Wednesday 23 August 2017

EIF 2017 – Real Magic at the Studio, or, I'm thinking of a word, and it begins with B

Years ago the International Festival staged a dire production of Three Sisters by the American Repertory Theatre. Finally, after years of trying, the EIF has found a show which is equally dire.

We are presented with three performers (Jerry Killick, Richard Lowdon and Claire Marshall) in an unconvincing version of a game show. The premise of the show is that one person thinks of a word (displayed on a piece of cardboard), the second person (usually blindfold) makes three unsuccessful attempts to guess the word, the third person acts as the host. Oh and some, sometimes all, are dressed in bright yellow chicken costumes and periodically do a silly dance. Some in the audience (bafflingly as far as I was concerned) found this latter aspect funny. After the first failure, the trio swap roles twice until each member has played each of the parts. This cycle, a bald and unconvincing narrative to start with (to borrow from Gilbert), is repeated for an interminable 90 minutes.

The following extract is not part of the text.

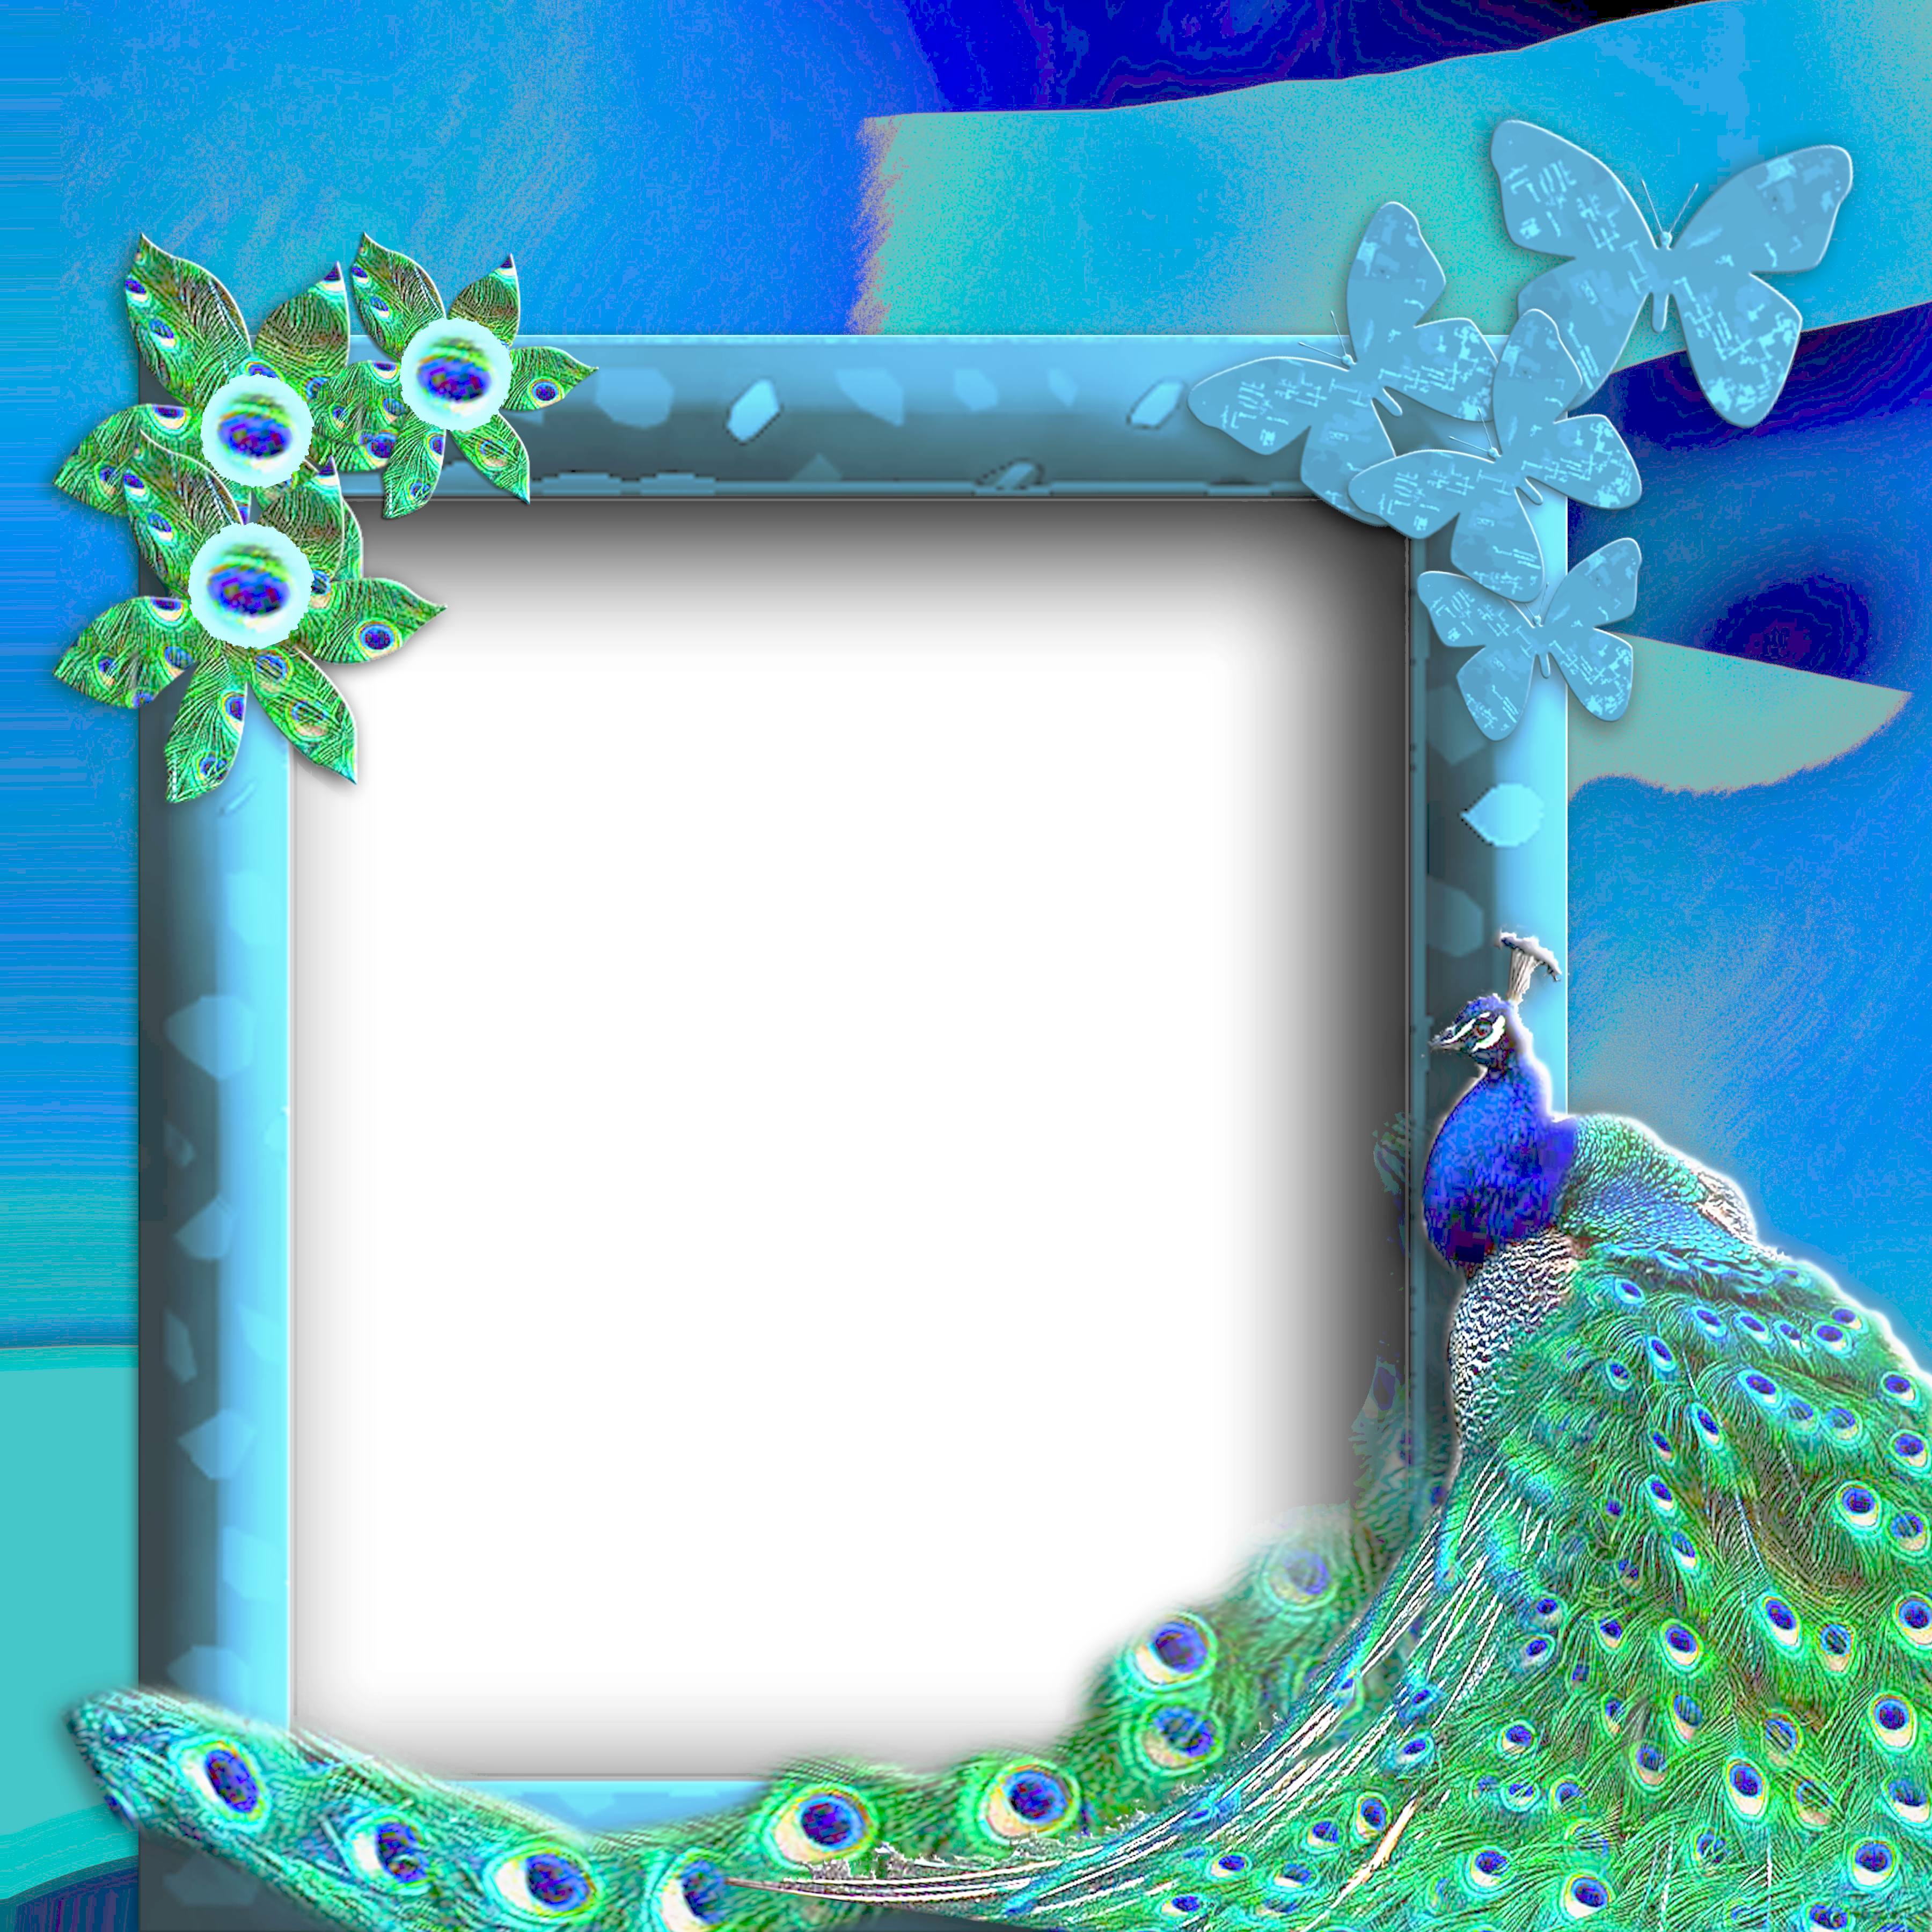 Download Peacock Photo Frame Png PNG Image with No Background 
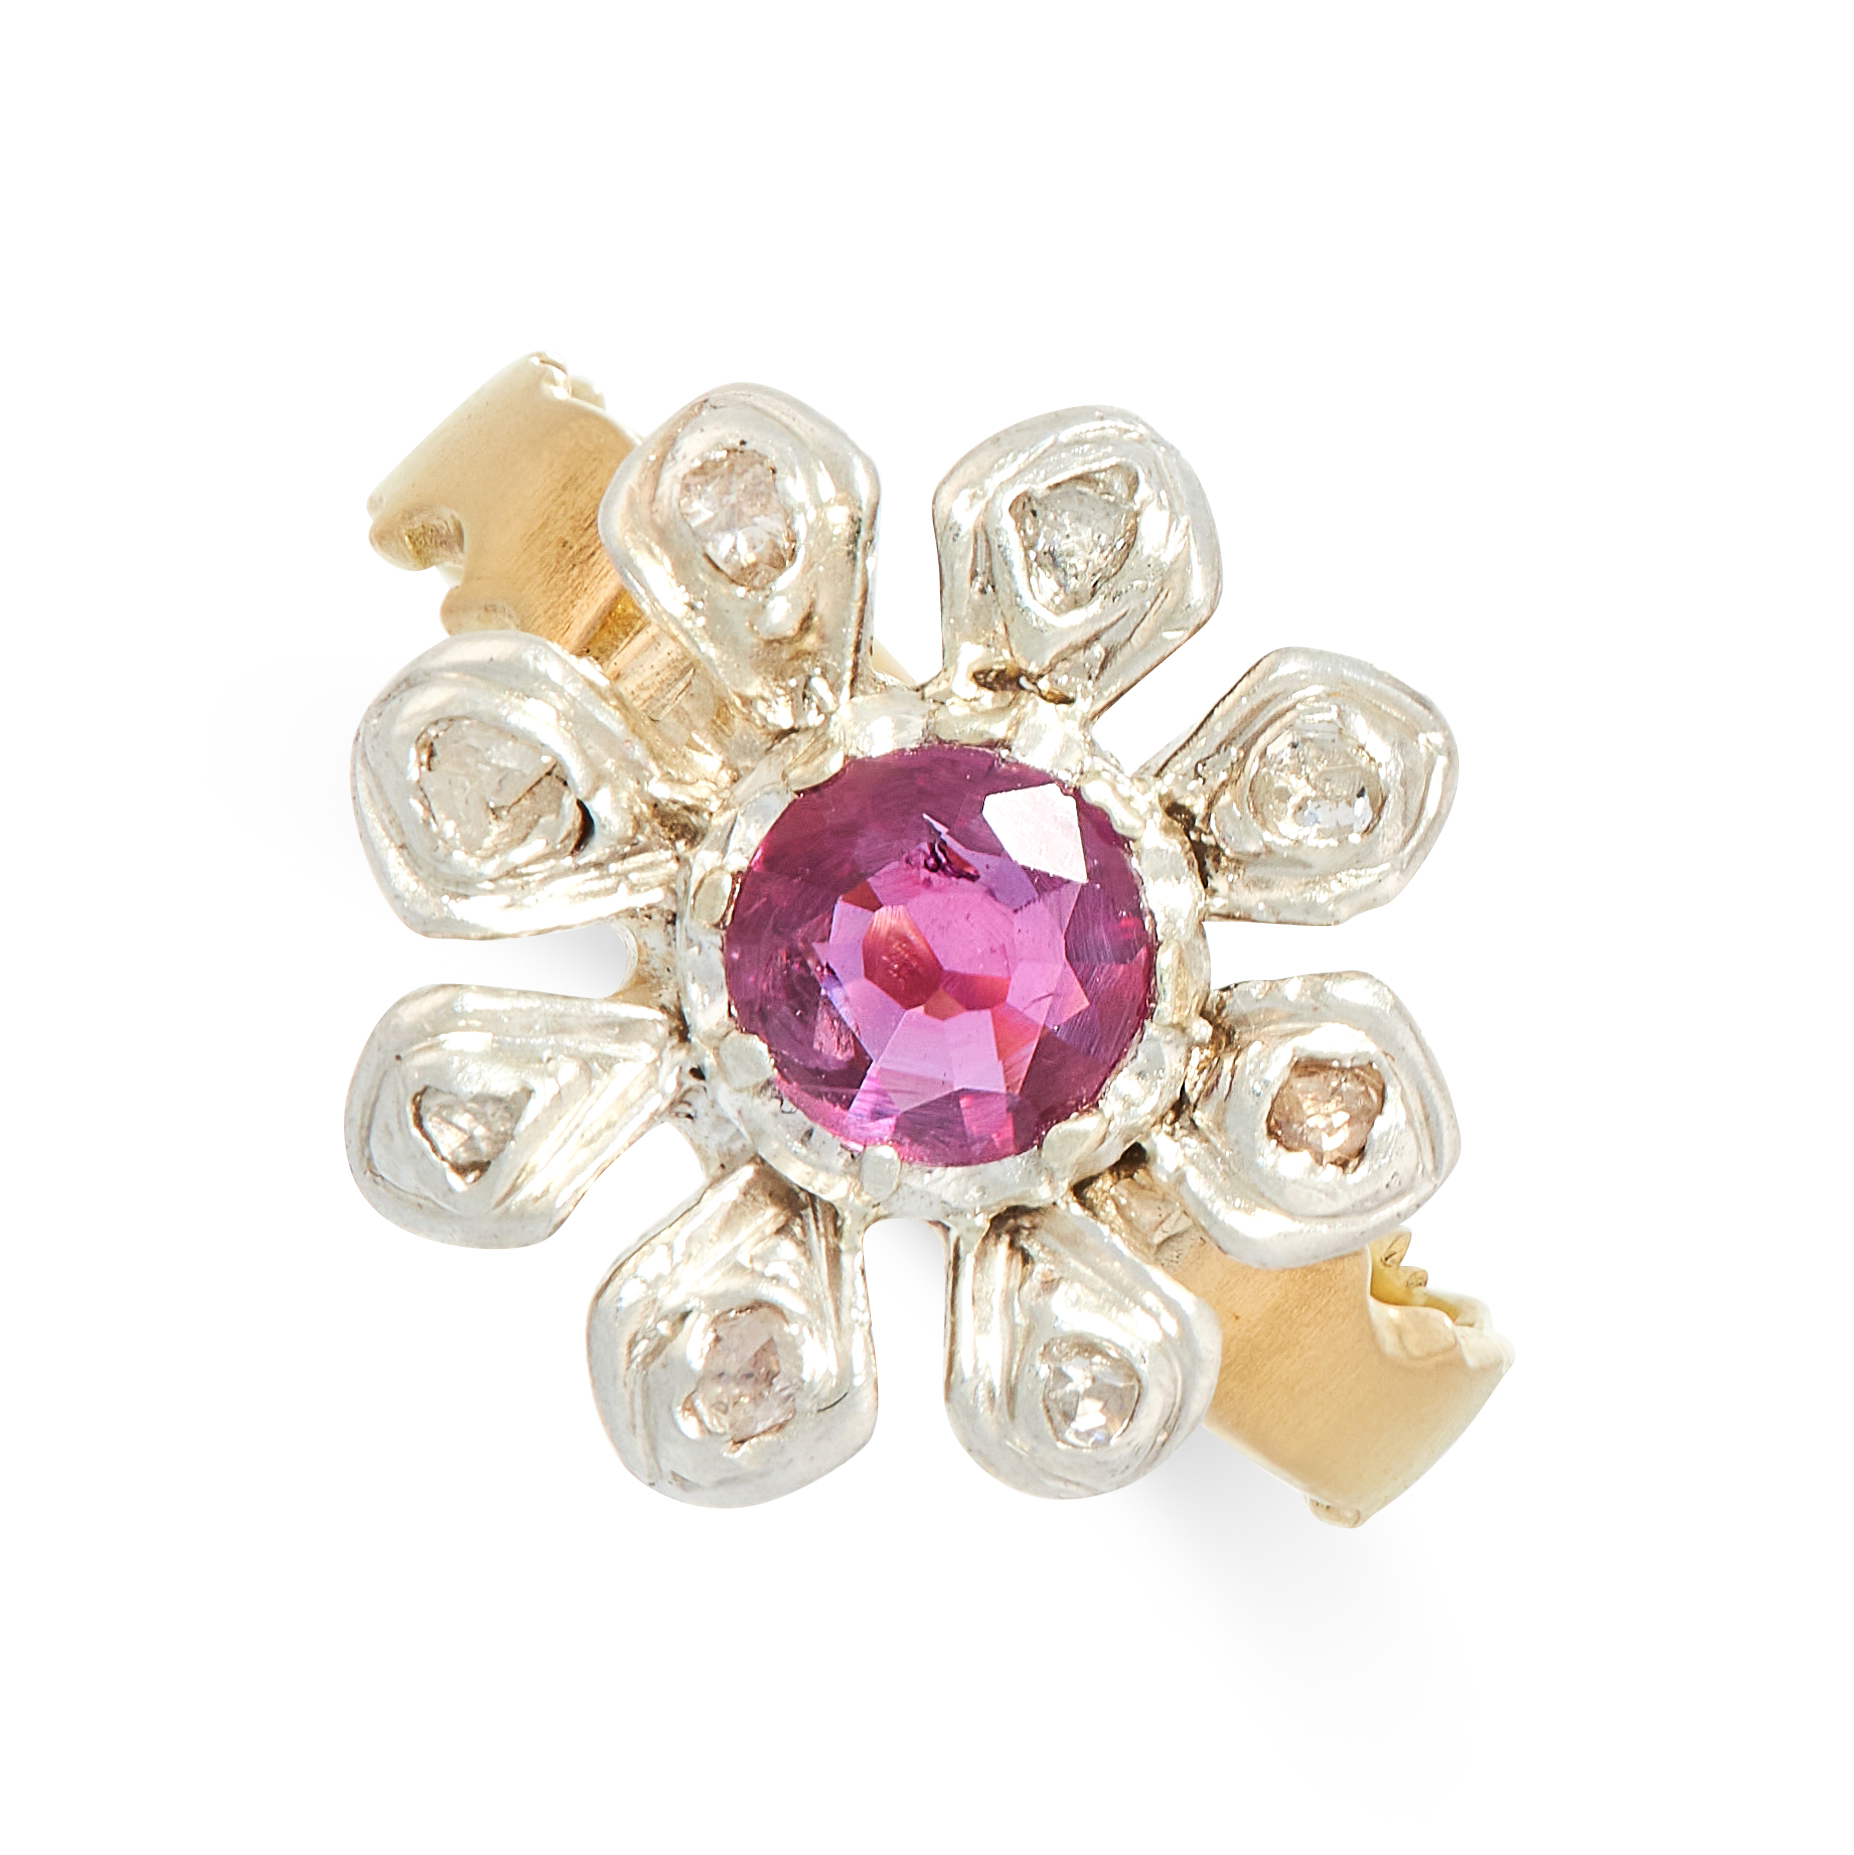 A RUBY AND DIAMOND RING in floral design, set with a central round cut ruby of 0.47 carats with rose

Some evidently think this is profound. The company behind it, Forced Entertainment, describe themselves as purveyors of “ground-breaking provocative performances”. As far as I was concerned they succeeded only in provoking extreme boredom and, as for the other epithet I've got news for them – Beckett got there first. And he was consistently moving and funny unlike this. The whole set up here is thin such that I never really believed in it, or that these were real people trapped in it, and as such I didn't give a damn as to whether they got out of it or not, though I did give a damn about how long I was to be subjected to it. There's also a wearily familiar contempt for the audience visible – as with Martin Creed I had an increasing suspicion that the trio were laughing behind their hands at these suckers having paid money to watch this.

As the minutes dragged by I looked at my watch, I counted the lights on the rig, I closed my eyes. I even started trying Paddington-style hard stares on the actors. Eventually, far too late, the thing simply stops – this is, we are told, all they have time for.

This should never have been programmed. Original? An example of the best in international theatre? Don't be ridiculous. To be avoided.